This is a great advantage to us, the writers, if we can use it.  We make educated guesses about what to put in and what to leave out – knowing that the listener will ‘connect the dots’… which the listener will do until they get bored – we don’t want to bore them – or until they decide that what the writer has given them doesn’t make enough sense to them or isn’t worth the work they have to put in to understand it.

Listeners are willing to do a lot of dot-connecting if they’re interested – they like doing it (I like it!).  They will do the work of finding patterns as long as they know that the trail of breadcrumbs the writer is leaving has a pattern.  They have to trust us – or, more specifically, trust our song.

So a big part of our job as writers is to figure out what listeners ‘need to know’.  What do they need to know to get the point, to ‘feel the thought’?  How much can we leave out?

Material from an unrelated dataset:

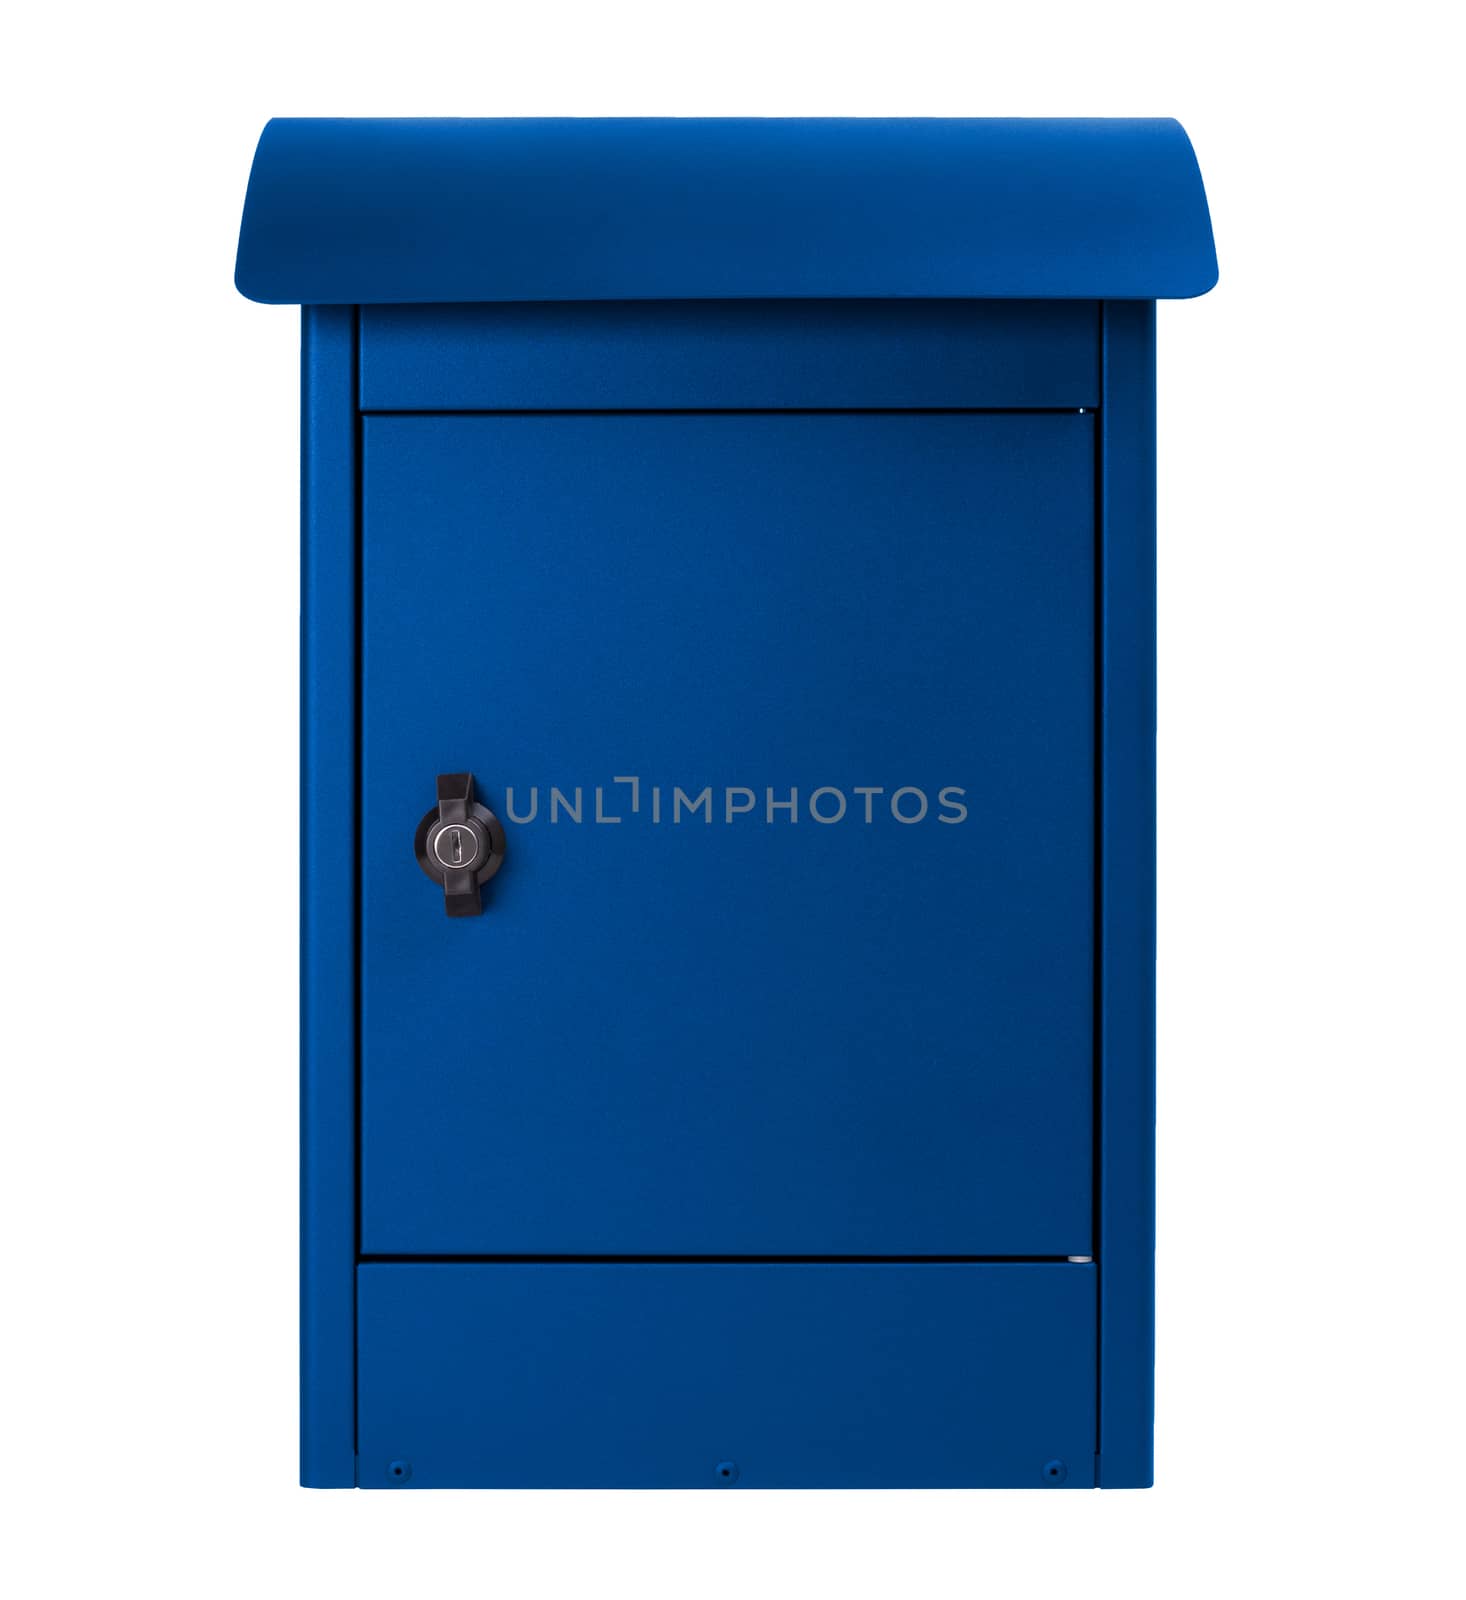 Modern letter-box isolated on a white background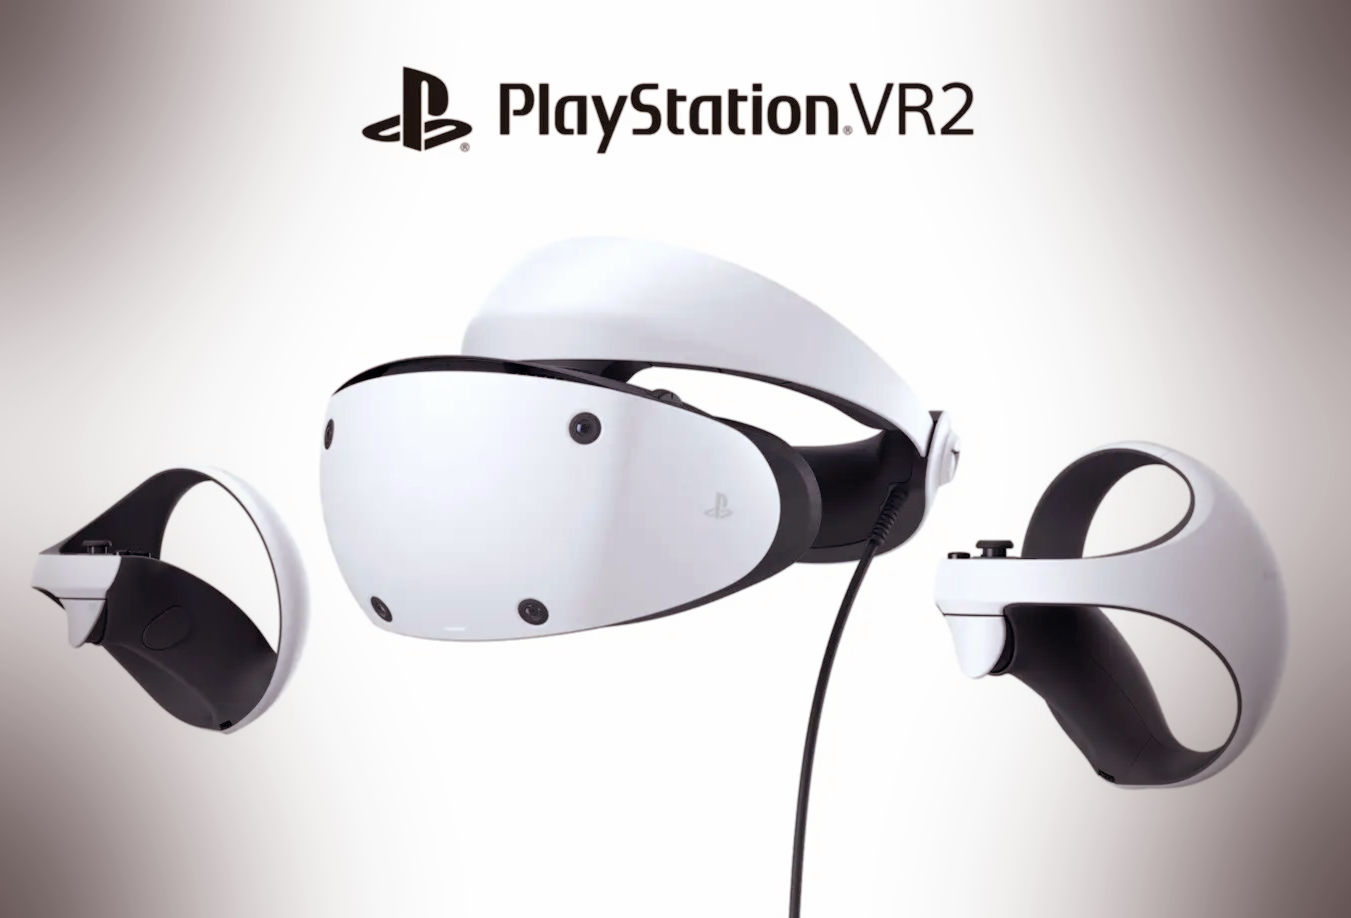 Sony shows off PlayStation VR2 virtual reality headset - VideoCardz

This is important in any kind of storytelling, but songwriting is a particularly compressed form, so it’s absolutely critical for us.

It’s like getting directions.  When getting directions to drive from one location to another, too much information is overwhelming.  You don’t need to know every street and landmark that you pass; just the ones that help you find the turns you need, to get where you’re going.

Too little information and pretty soon we’re lost… and want to turn around and go home.  A good set of directions is ‘just enough’ – not too little, not too much.

We need to hone our ability to put in enough ‘pattern’ and information, musically and lyrically, so that the listener knows they’re listening to a song – this is where knowledge and feeling for song structure really helps – and not just to a more-or-less-random sequence of sounds or series of lyric events or images.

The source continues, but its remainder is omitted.